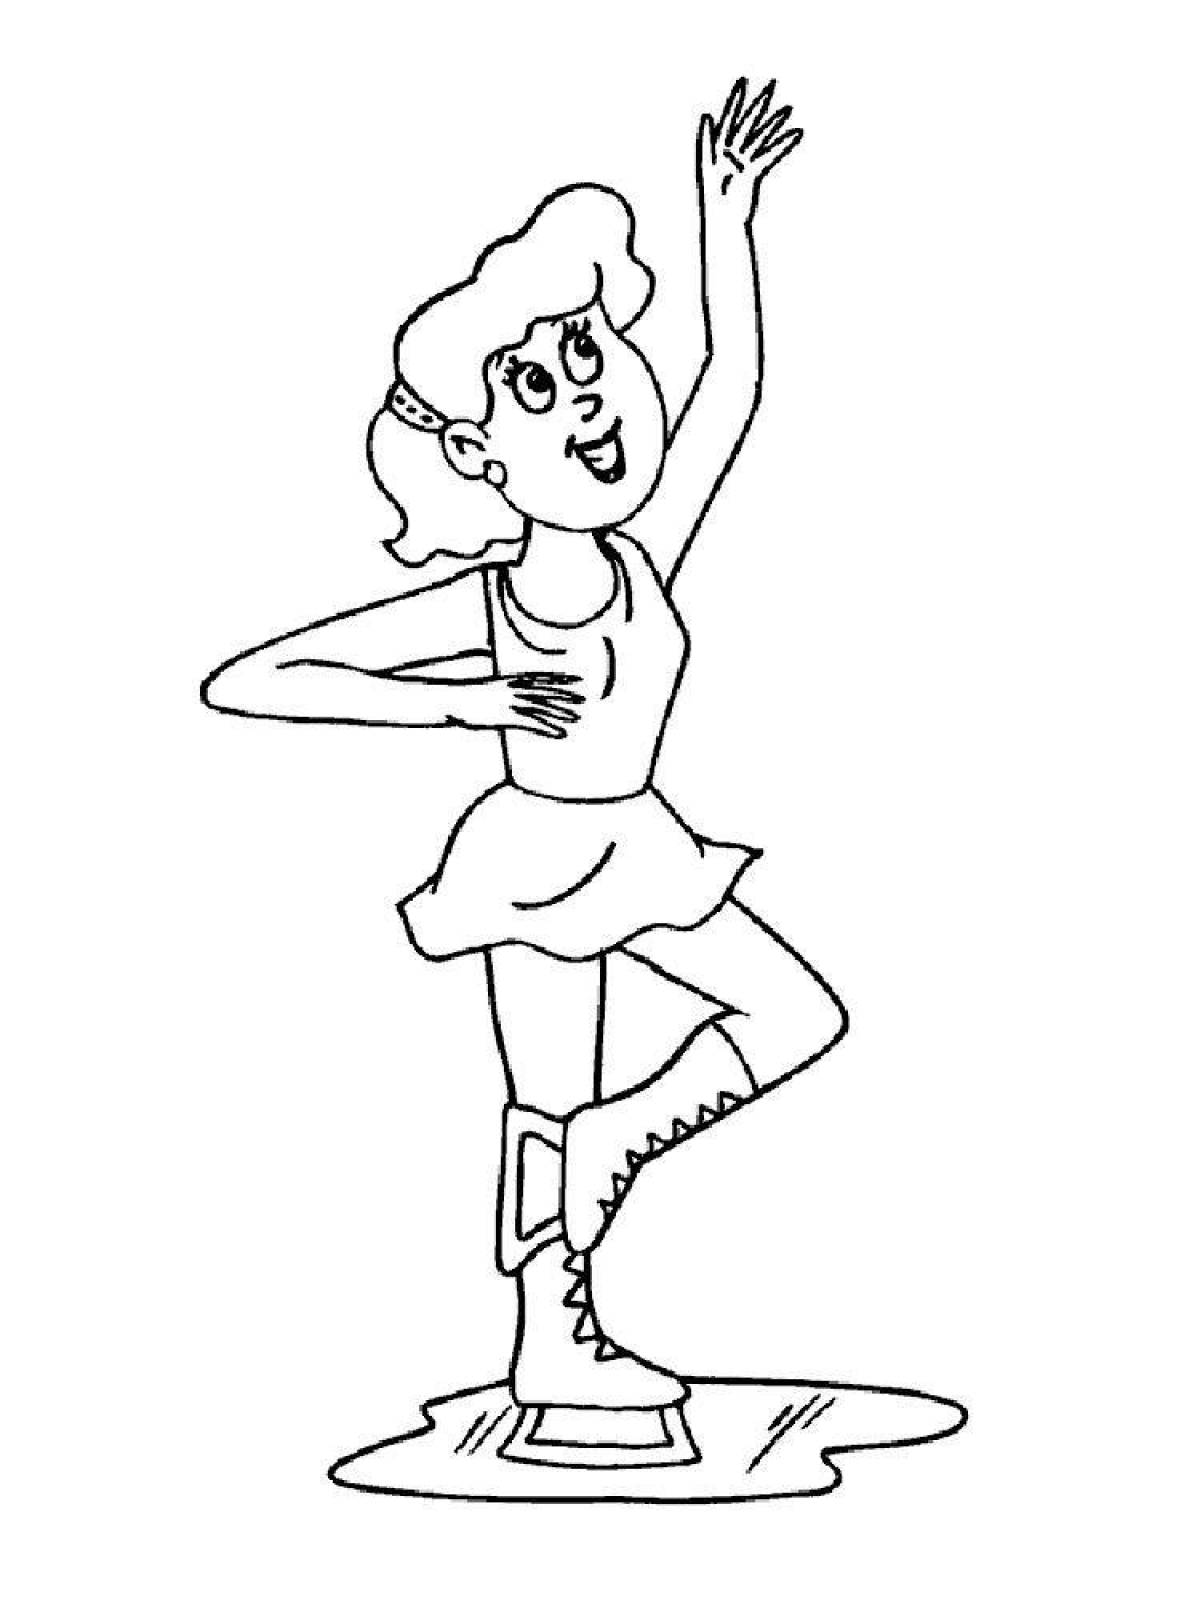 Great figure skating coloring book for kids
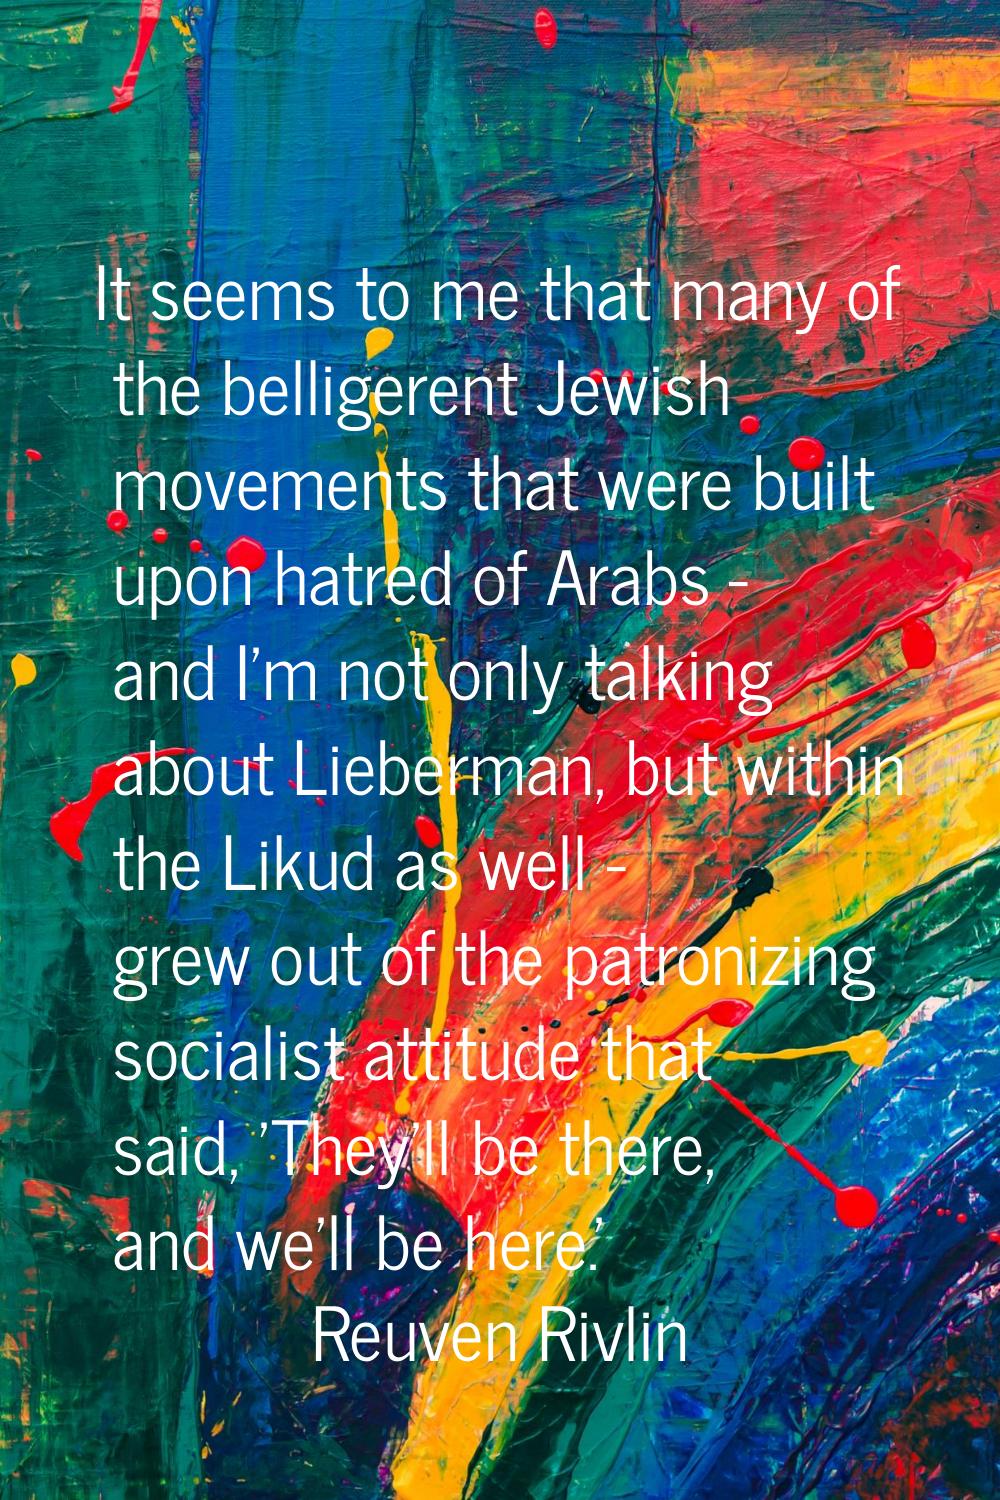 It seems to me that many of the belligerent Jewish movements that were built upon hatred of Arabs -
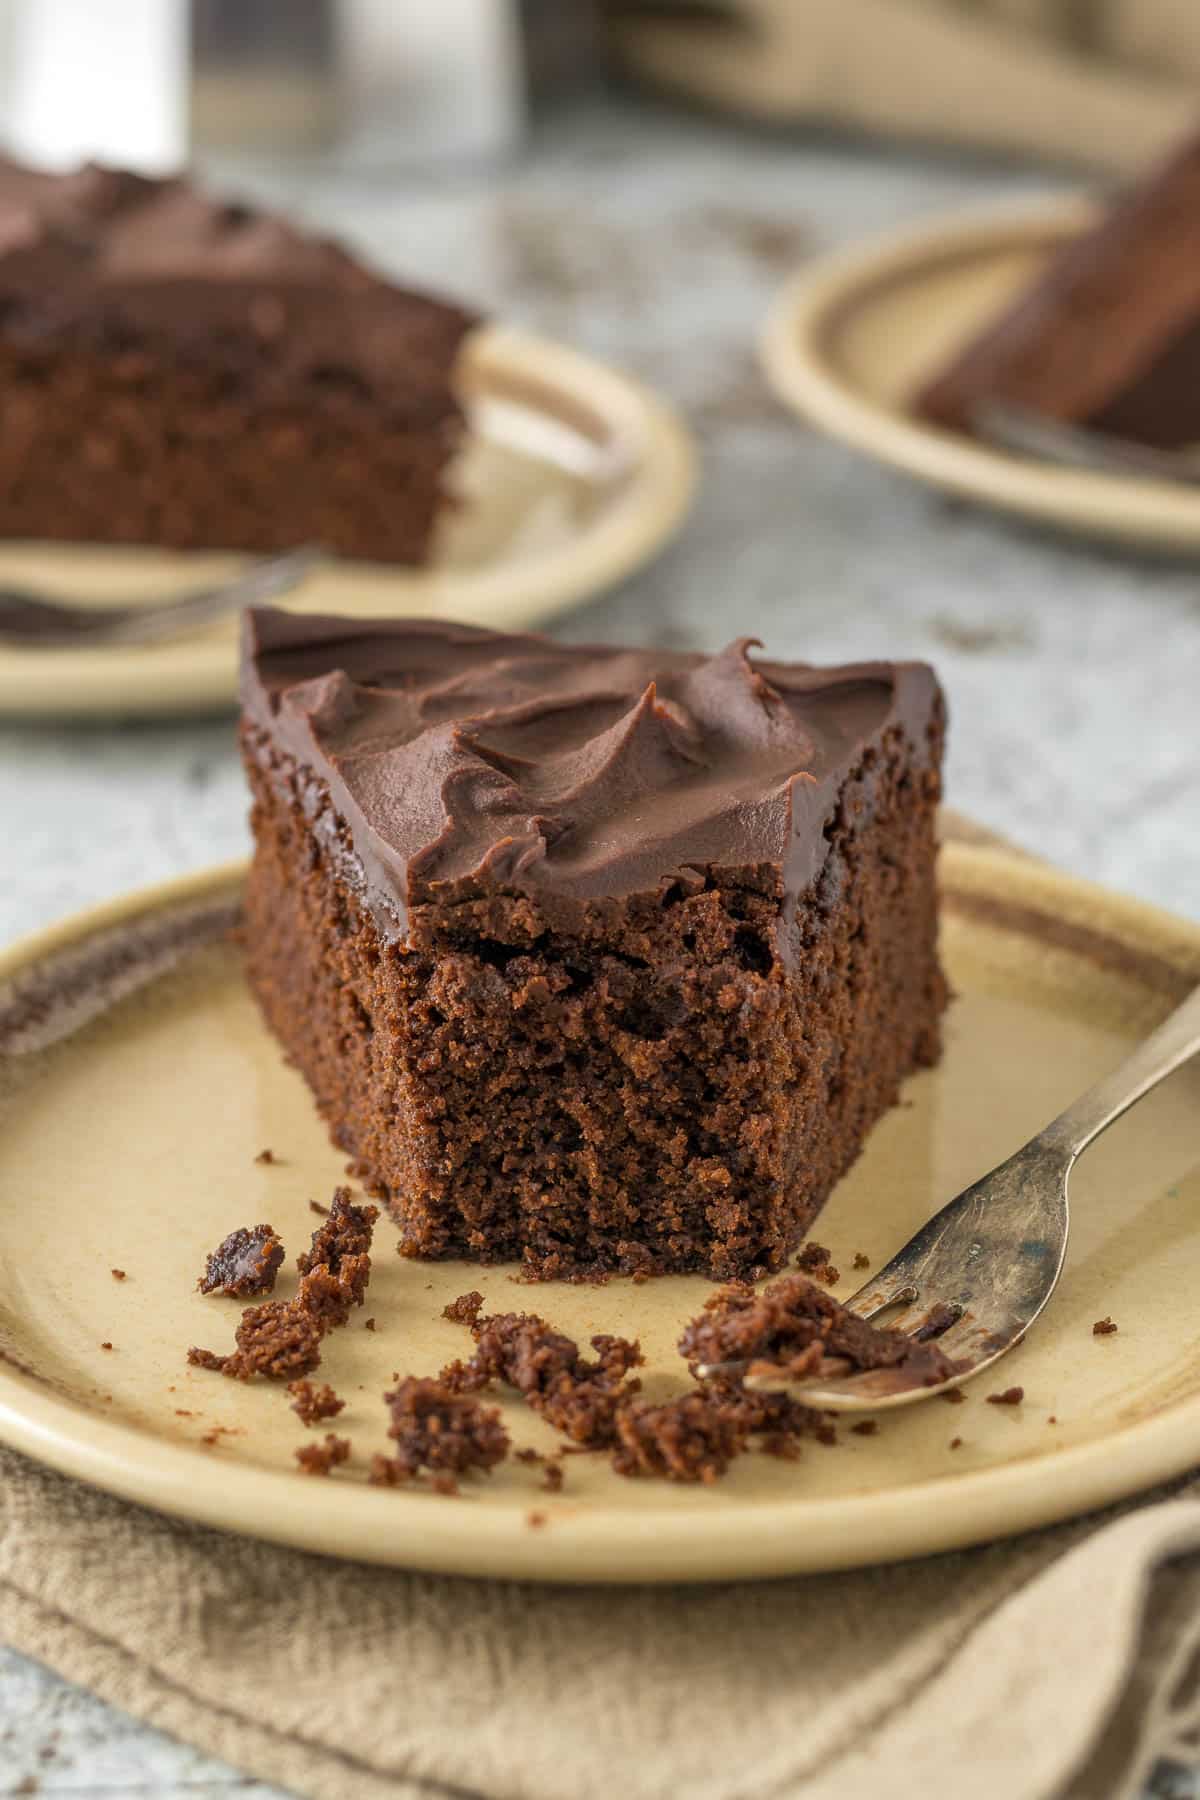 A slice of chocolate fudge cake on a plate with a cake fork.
*-*-*
If pictures appear in the data, do not print them; repeat the rest exactly.

 Great figure skating coloring book for kids
 It seems to me that many of the belligerent Jewish movements that were built upon hatred of Arabs -
 A slice of chocolate fudge cake on a plate with a cake fork.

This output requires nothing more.